This section is from the book "Chambers's Concise Gazetteer Of The World", by David Patrick. Also available from Amazon: Chambers's Concise Gazetteer Of The World.
Lena, a river of eastern Siberia, 3000 miles long, rises amid the mountains on the north-west shore of Lake Baikal, in the government of Irkutsk, flows first NE. to Yakutsk, where it is 6 1/2 miles wide, then N. to the Arctic Ocean, into which it falls by several mouths, forming a delta 250 miles wide. It receives the Vilui (1300 miles) on the left, and the Vitim (1400), Olekma (800), and Aldan (1300) on the right. Navigation is open from Yakutsk upwards from May till October. During spring the waters overflow their banks. See Melville's In the Lena Delta (1885).

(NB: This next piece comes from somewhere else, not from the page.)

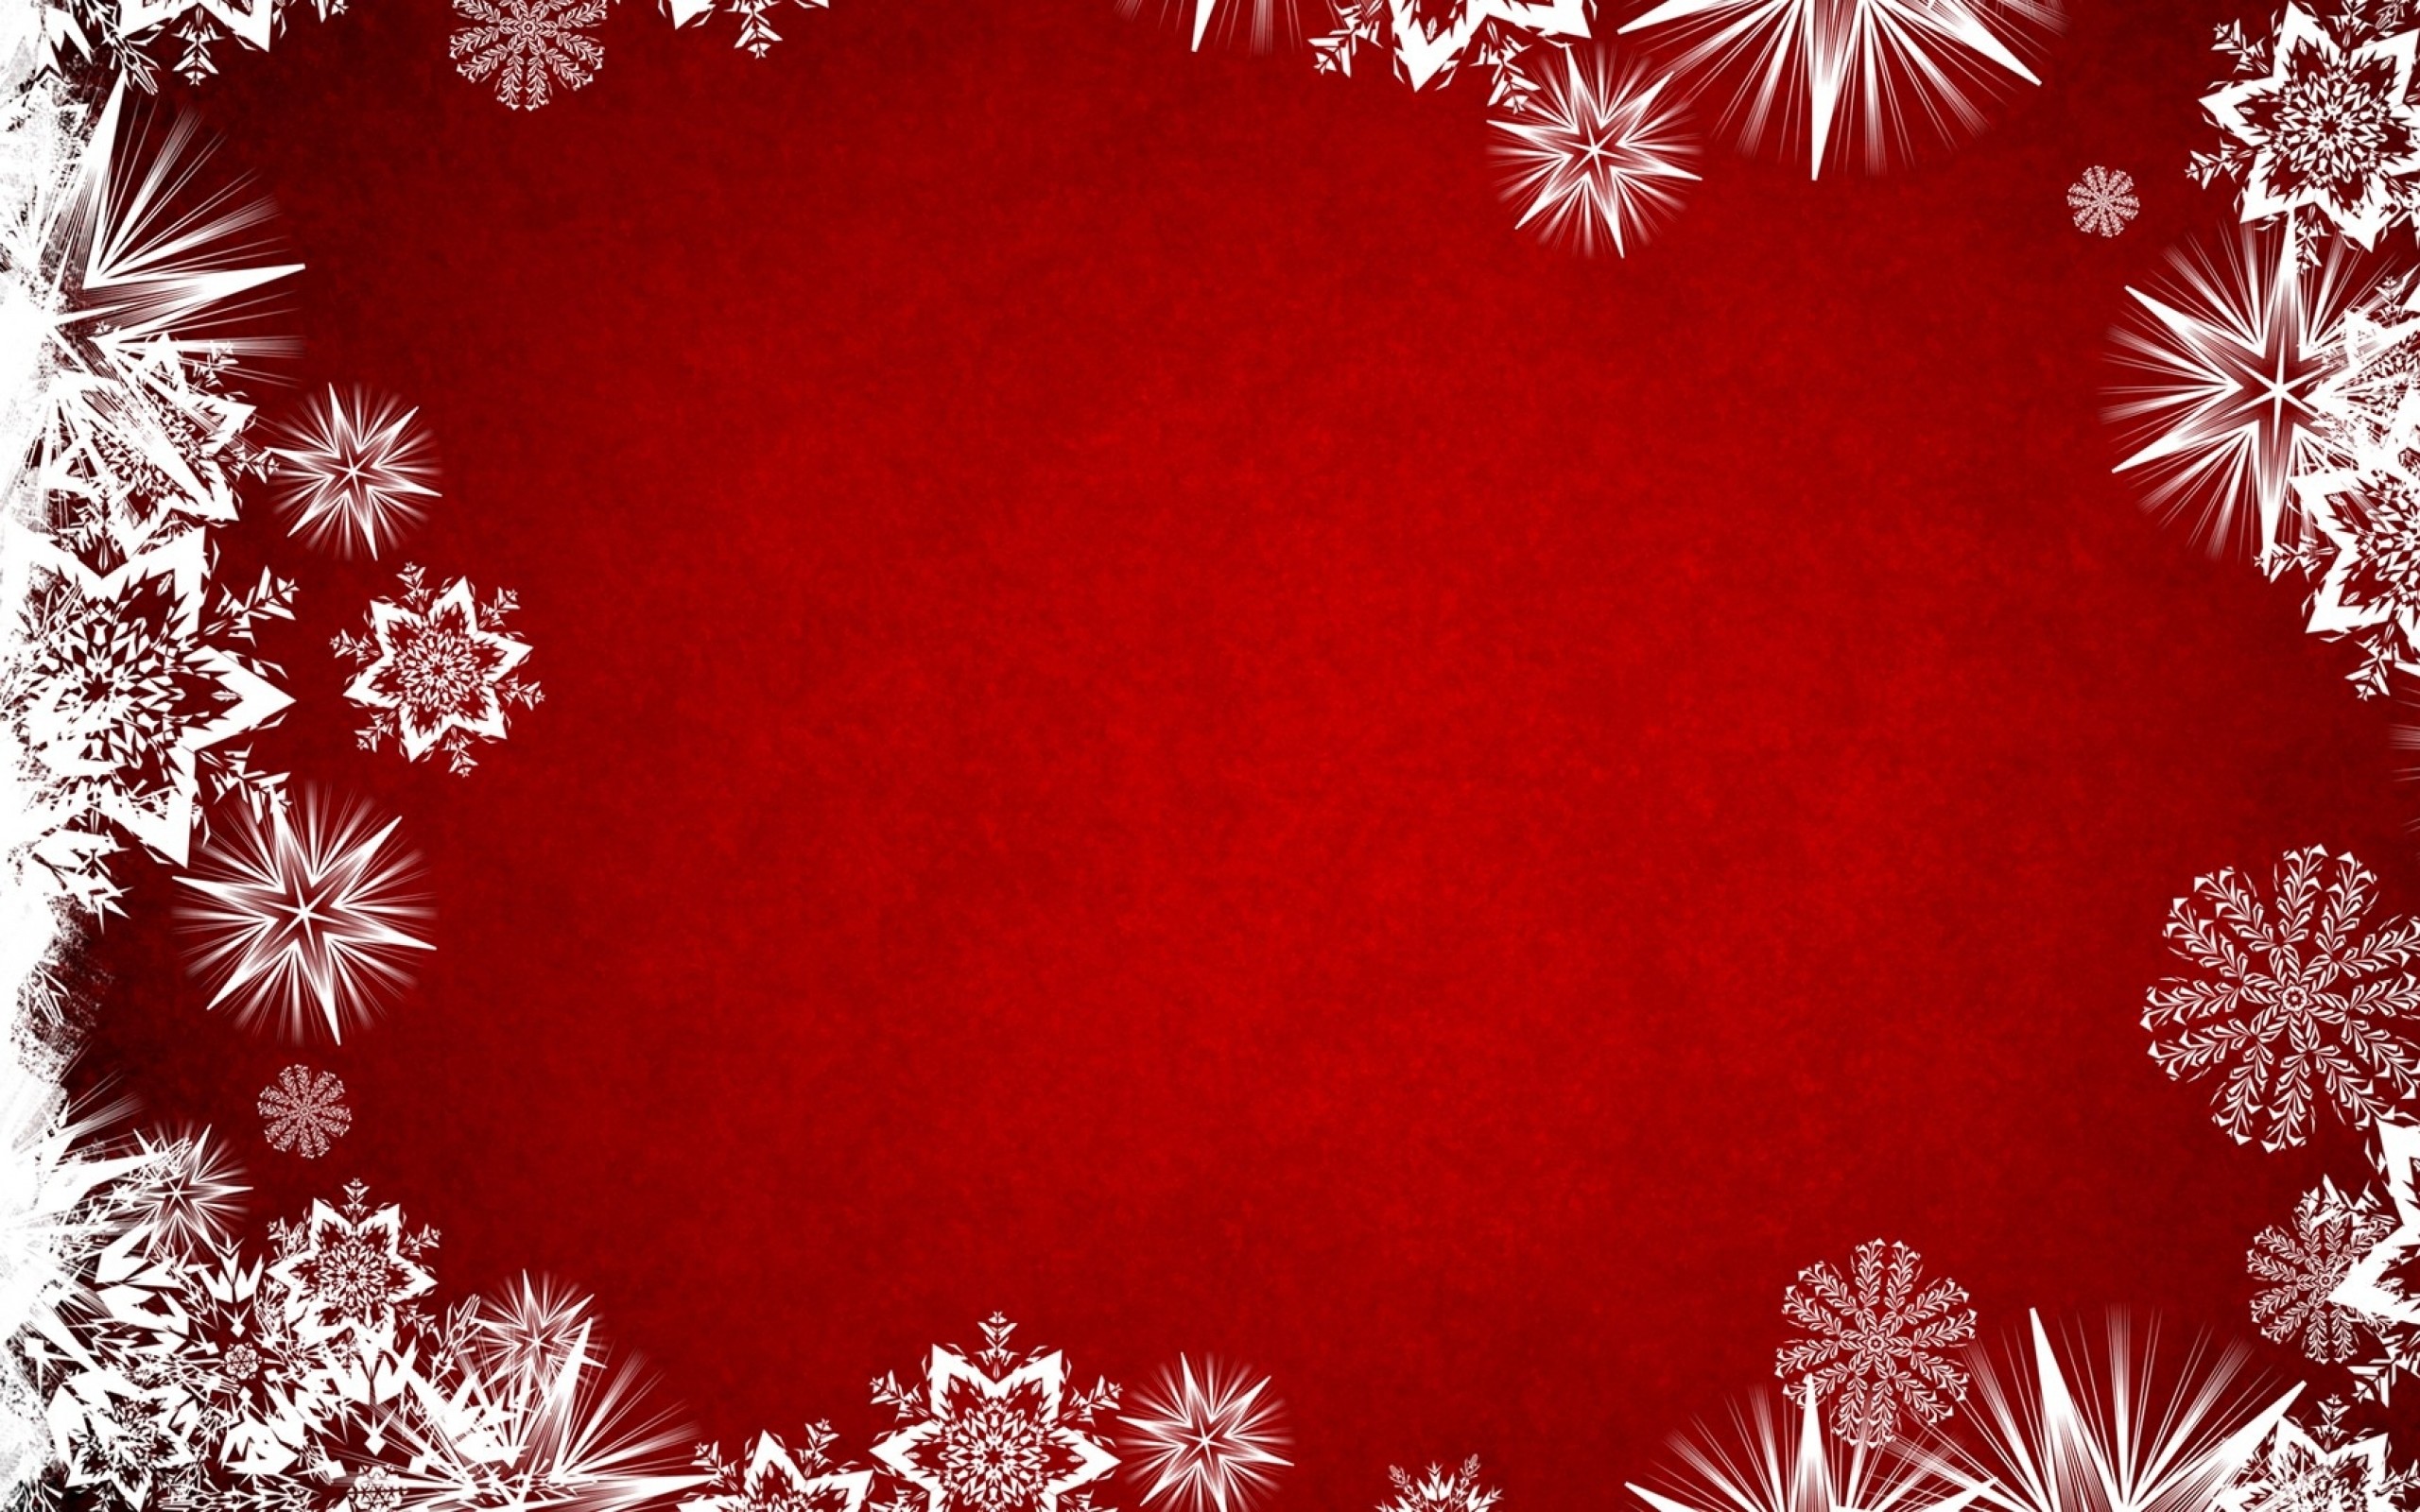 Happy Holidays Background Image

Lencoran, a Russian seaport on the Caspian Sea, 130 miles S. of Baku. Near it are sulphur-springs. Pop. 5540. Persia ceded it in 1813.
Lencziza, an ancient Polish town. 80 miles WSW. of Warsaw. Pop. 15,546.
Lennep, a town of Rhenish Prussia, 18 miles E. of Dusseldorf. Pop. 9844.
Lennox (Levenachs, ' fields of the Leven'), an ancient Scottish territory, comprising the basin of the Leven and Loch Lomond - the whole of Dumbartonshire, great part of Stirlingshire, and a portion of Perthshire. The Lennox Hills, between Dumbarton and Stirling, attain 1894 feet. The Lennox gave name to an earldom (1174-1581), and then to a dukedom, conferred by Charles II. in 1680 on one of his illegitimate sons, Charles, Duke of Richmond and Lennox, who in 1702 sold the Lennox estates to the Marquis of Montrose. See The Lennox, by Sir W. Fraser (3 vols. 1874).
Lennoxtown, a village of Stirlingshire, 11 miles N. by E. of Glasgow by rail, with bleach-works, print-works, and alum-works. Pop. 2638.
Lens (Long), a town in the French dep. of Pas-de-Calais, 17 miles by rail SW. of Lille. Here are coal-mines, sugar-factories, etc. Pop. 24,862.
Lentini (anc. Leontini), a town of Sicily, on a lake, 17 miles SW. of Catania. Pop. 17,740.
Leobschutz, a town in Prussian Silesia, 24 miles by rail NW. of Ratibor. Pop. 15,239.
Leominster (Lemster), a market-town of Herefordshire, on the Lug, 13 miles N. of Hereford. A monastery was founded here in 658; and the fine church of a later priory presents every style from Norman to Perpendicular. The quaint old timber Butter Cross (1633) was in 1855 transferred to a new site to make room for an Italian town-hall; there is also a corn exchange (1859). Leather gloves are the staple manufacture, and there is a great trade in hops and cider. Incorporated as a municipal borough by Queen Mary, Leominster till 1868 returned two members, and till 1885 one. Pop. (1851) 5214; (1901) 5826. See local histories by Price (1795) and Townsend (1863).
Leonfor'te, a walled Sicilian town, 49 miles by rail W. by N. of Catania. Pop. 19,645.
Lepanto (anc. Naupactus; mod. Greek Epakto), a small town of Greece, seat of a bishop, is situated on the north side of the entrance to the Gulf of Corinth. Near it was fought the great naval battle in which the Papal, Venetian, and Spanish galleys under Don John of Austria defeated the Turks, 7th October 1571.